Eliminating the gap is more important than the axis ticks so I’ll work on that path. HoverTool can be used to provide the DateTime info for specific bars on smaller time intervals.

I’ve found Bokeh to be easier than Dash, Streamlit, Shiny for quickly building a lightweight interactive web financial app with plots so would like to stick with it.

Bryan · January 29, 2025, 4:44pm

Here is a minimal example that also uses the index-based approach to remove “gaps” but adds:

a CustomJSTicker to pick three equally-spaced indices inside the current viewport to use as tick locations, and
a CustomJSTickFormatter that uses the ticks (which are indices) to look up the date string to show from the data source

Obviously this can be improved and made more sophisticated, e.g. maybe you want to have “nicer” tick locations than simply N equally-spaced locations. I leave those refinements as an exercise for the reader.

ScreenFlow

from bokeh.plotting import figure, show
from bokeh.models import ColumnDataSource, CustomJSTicker, CustomJSTickFormatter

date = ["2024-11-05", "2024-11-06", "2024-11-07", "2024-11-08", "2024-11-11", "2024-11-12", "2024-11-13", "2024-11-14", "2024-11-15", "2024-11-18", "2024-11-19", "2024-11-20", "2024-11-21", "2024-11-22", "2024-11-25", "2024-11-26", "2024-11-27", "2024-11-28", "2024-11-29", "2024-12-02", "2024-12-03", "2024-12-04", "2024-12-05", "2024-12-06", "2024-12-09", "2024-12-10", "2024-12-11", "2024-12-12", "2024-12-13", "2024-12-16", "2024-12-17", "2024-12-18", "2024-12-19", "2024-12-20", "2024-12-23", "2024-12-24", "2024-12-25", "2024-12-26", "2024-12-27", "2024-12-30", "2024-12-31", "2025-01-02", "2025-01-03", "2025-01-06", "2025-01-07", "2025-01-08", "2025-01-09", "2025-01-10", "2025-01-13", "2025-01-14"]
x = list(range(len(date)))
y = [-331.6, -1114.8, -2299.9, -1509.2, 240.7, -43.2, -1623.2, -1301.2, -1562.6, -209.4, -208.1, -735.4, 81.4, -208.8, -187.7, -480.7, -141.4, 440.2, -855.7, -214.1, 1106.9, -1257.4, -1722.7, -672.9, 163.0, -471.0, 17.1, -128.7, -639.5, -863.1, -62.2, -299.9, -547.3, 36.3, 545.1, 116.0, -46.5, -214.8, -116.6, 58.9, -454.9, 265.5, 816.5, 549.9, 64.3, 728.6, 1758.3, -1119.4, -898.7, 912.9]
color = ["green" if a >= 0 else "red" for a in y]

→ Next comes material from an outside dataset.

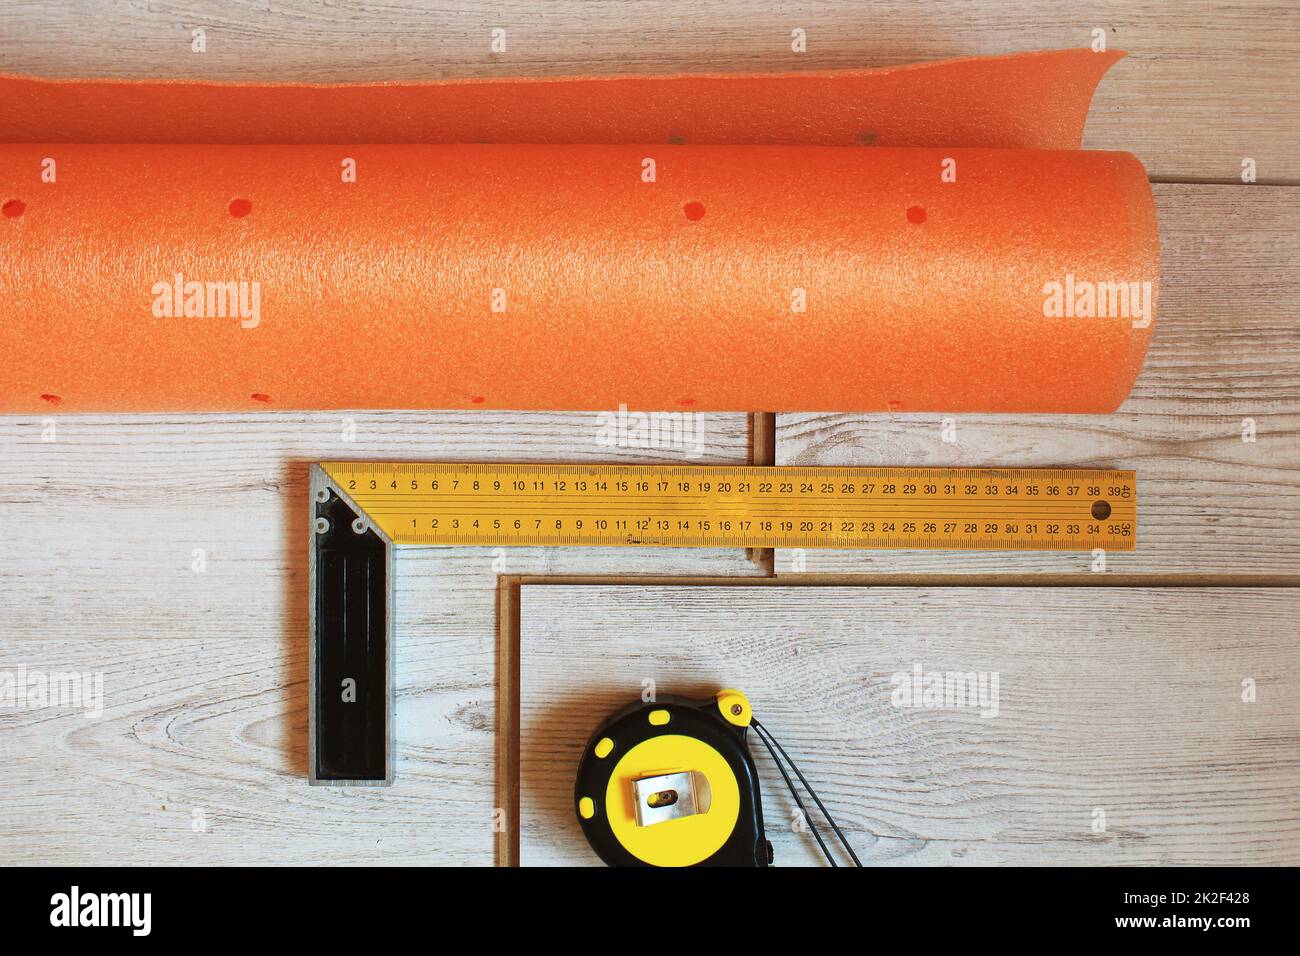 Laminate floor planks and tools on wooden background. Top view. Stock Photo

source = ColumnDataSource(data=dict(x=x, y=y, date=date, color=color))

p = figure(width=1500)

p.vbar(x="x", top="y", color="color", width=0.5, bottom=0, source=source)

# always three equally spaced ticks
p.xaxis.ticker = CustomJSTicker(
    args=dict(source=source),
    major_code="""
        const start = Math.max(cb_data.range.start, 0)
        const end = Math.min(cb_data.range.end, source.data.x.length-1)
        const d = (end-start) / 4
        return [Math.round(start+d), Math.round(start+2*d), Math.round(start+3*d)]
    """)

# use the tick (i.e index) to look up the date string
p.xaxis.formatter = CustomJSTickFormatter(
    args=dict(source=source),
    code="return source.data.date[tick] "
)

show(p)

Bryan · January 29, 2025, 5:11pm

Another, different approach to this general problem (also enabled by CustomJSTicker) would be to use the date strings themselves as categorical coordinates directly, and then use CustomJSTicker to choose “nice” locations by paring down the factors to show on the axis.

kampai-shp · January 30, 2025, 12:15am

This is awesome, Bryan! Thanks for prototyping.

songdg · February 6, 2025, 3:35am

A great thanks for solving this problem , another issue, if I want to add a few more dates on the x-axis, given there’s enough space, say every 5 bars show a date, can that be done?

Bryan · February 6, 2025, 4:08am

I’m not sure I understand the ask, exactly, In any case for the sake of keeping this forum organized, perhaps a new topic for a new question, with more details about the goal.

songdg · February 6, 2025, 7:01am

Thanks, I’ll start a new post.

system · May 7, 2025, 7:01am

This topic was automatically closed 90 days after the last reply. New replies are no longer allowed.